As a general matter, the CCO will not approve outside employment with any investment adviser, broker-dealer, bank, insurance or re-insurance company or other financial or investment institution with which Cliffwater or its affiliates may compete, or have, or seek a business relationship for itself or on behalf of its clients.

 

The request to participate in an outside business activity will be approved or denied promptly by the CCO. If the CCO denies the request, the employee may not participate in the activity or employment in any manner.

 

Employees should promptly notify the CCO in writing of any changes in the scope of the outside activities by submitting a new written request, as applicable.

 

The CCO will send out periodic requests for information on any outside business activities, including board seats or outside investment committee memberships. Any employee responses indicating unreported outside activities will be reviewed by the CCO to determine whether the employee will be required to terminate the previously unreported activity pursuant to these procedures. The CCO will maintain a list of all employees who have outside business activities.

 

XII. Miscellaneous

 

A. Importance of Adherence to Procedures

 

It is very important that all employees adhere strictly to this Code.

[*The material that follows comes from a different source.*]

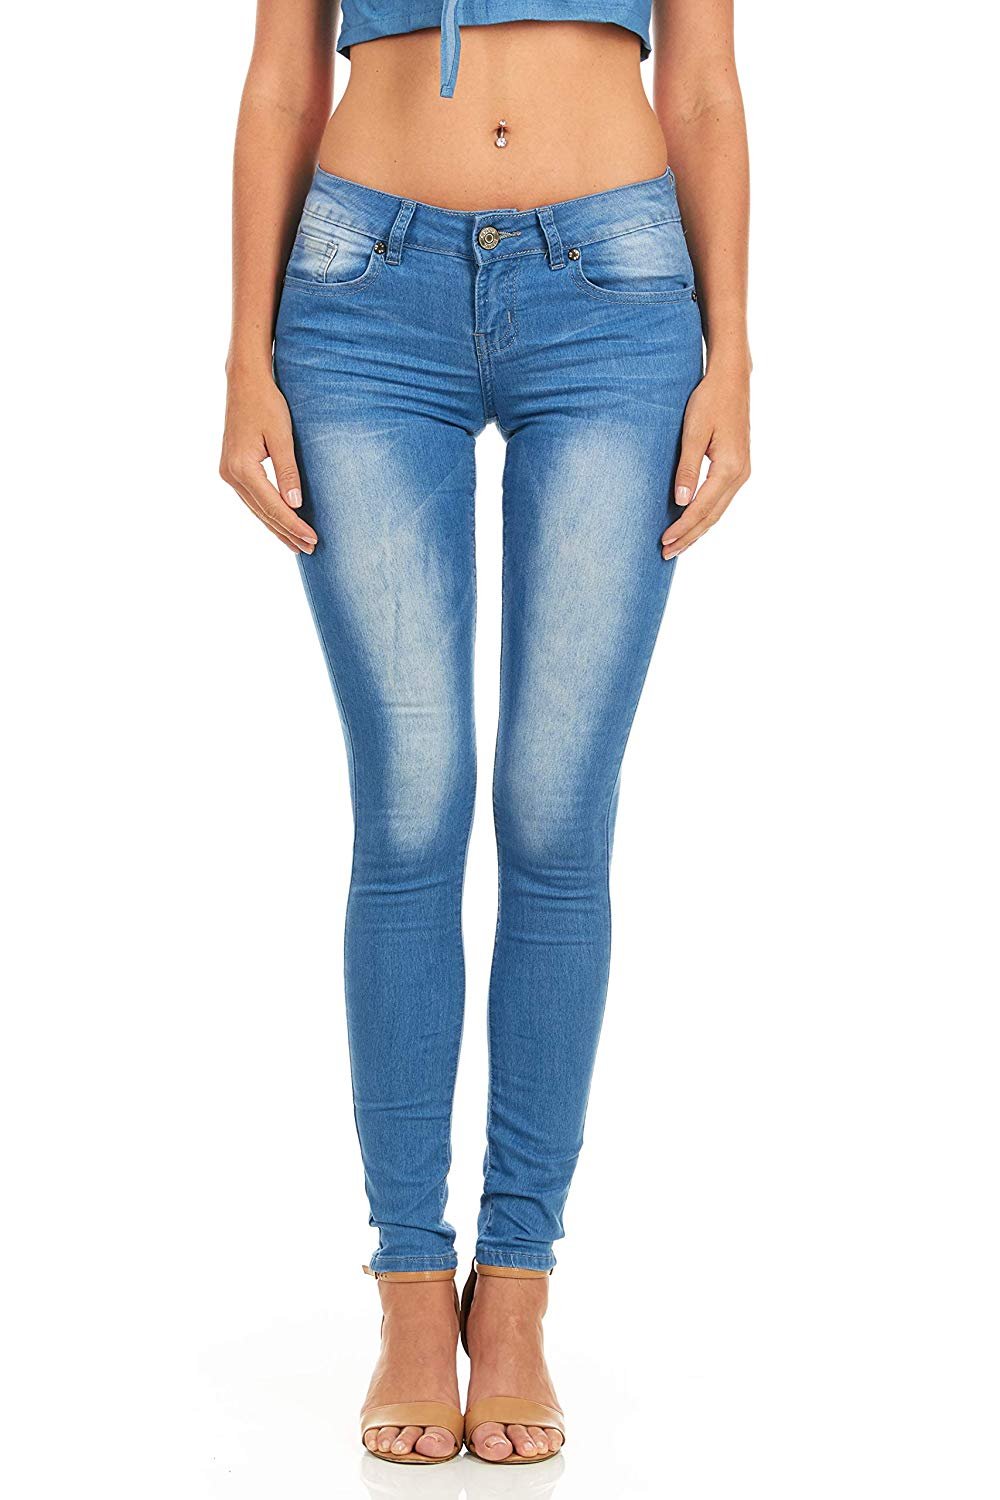 slim girl jeans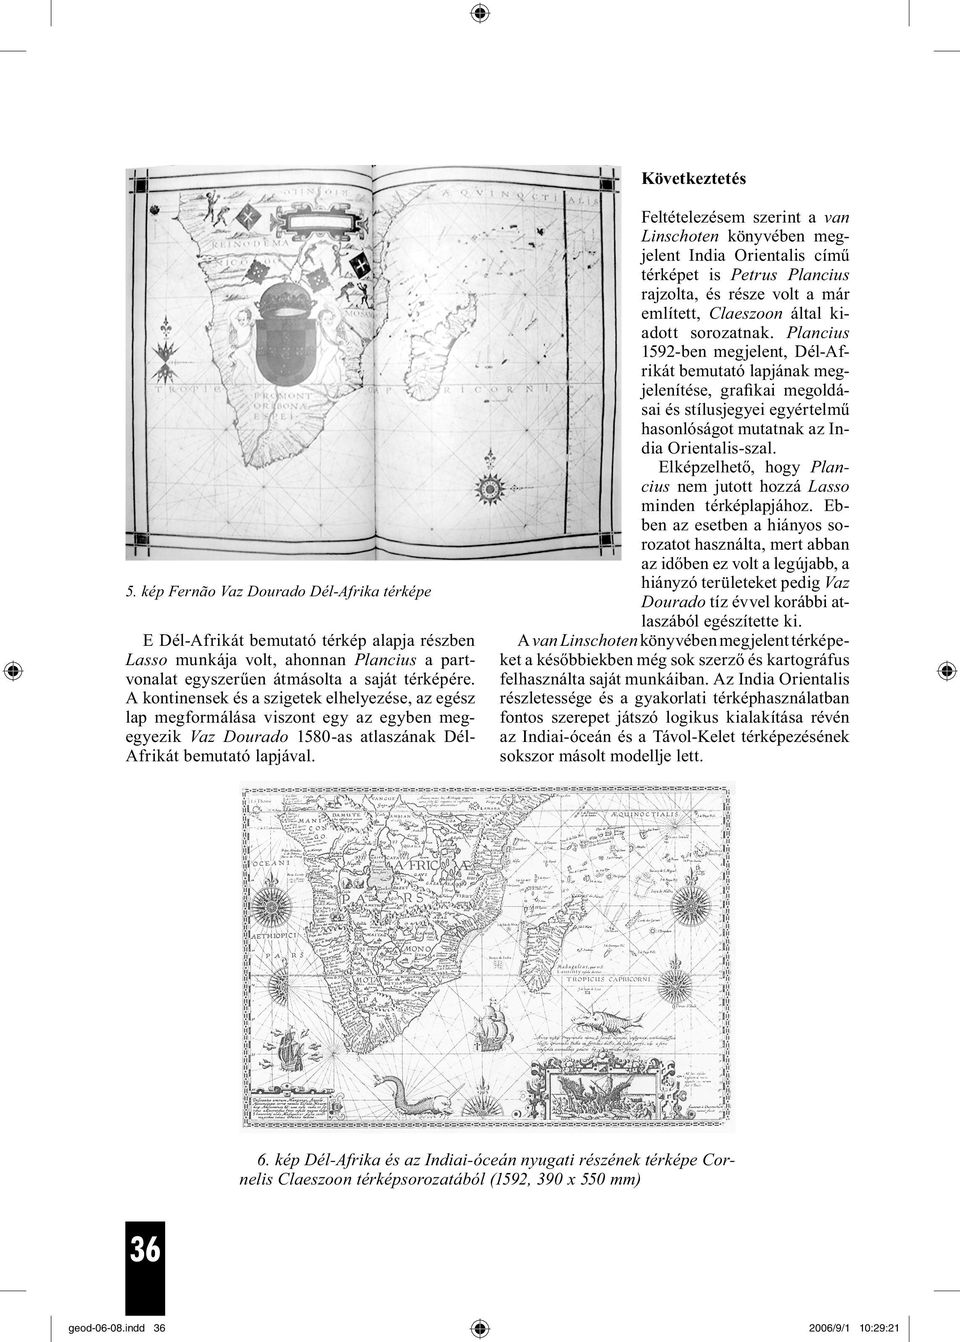 Feltételezésem szerint a van Linschoten könyvében megjelent India Orientalis című térképet is Petrus Plancius rajzolta, és része volt a már említett, Claeszoon által kiadott sorozatnak.

Any violations may result in serious sanctions, including termination of employment and dismissal from Cliffwater.

 

B. Circulation/Certification of Receipt of Code

 

Each new employee receives a copy of this Code and signs an acknowledgement of his or her receipt and understanding of it. In addition, any amendment to this Code will be circulated to all employees and each employee will sign an annual certification of his or her compliance with this Code.

 

C. Retention of Records

 

Cliffwater shall retain all documents produced by the CCO as required by this Code and all documents required to be submitted by employees under this Code, including all duplicate confirmations and any documents referred to or incorporated therein, as part of the books and records required by the Advisers Act and the rules thereunder.

 

D. Questions

 

Any questions regarding this Code should be referred to the CCO.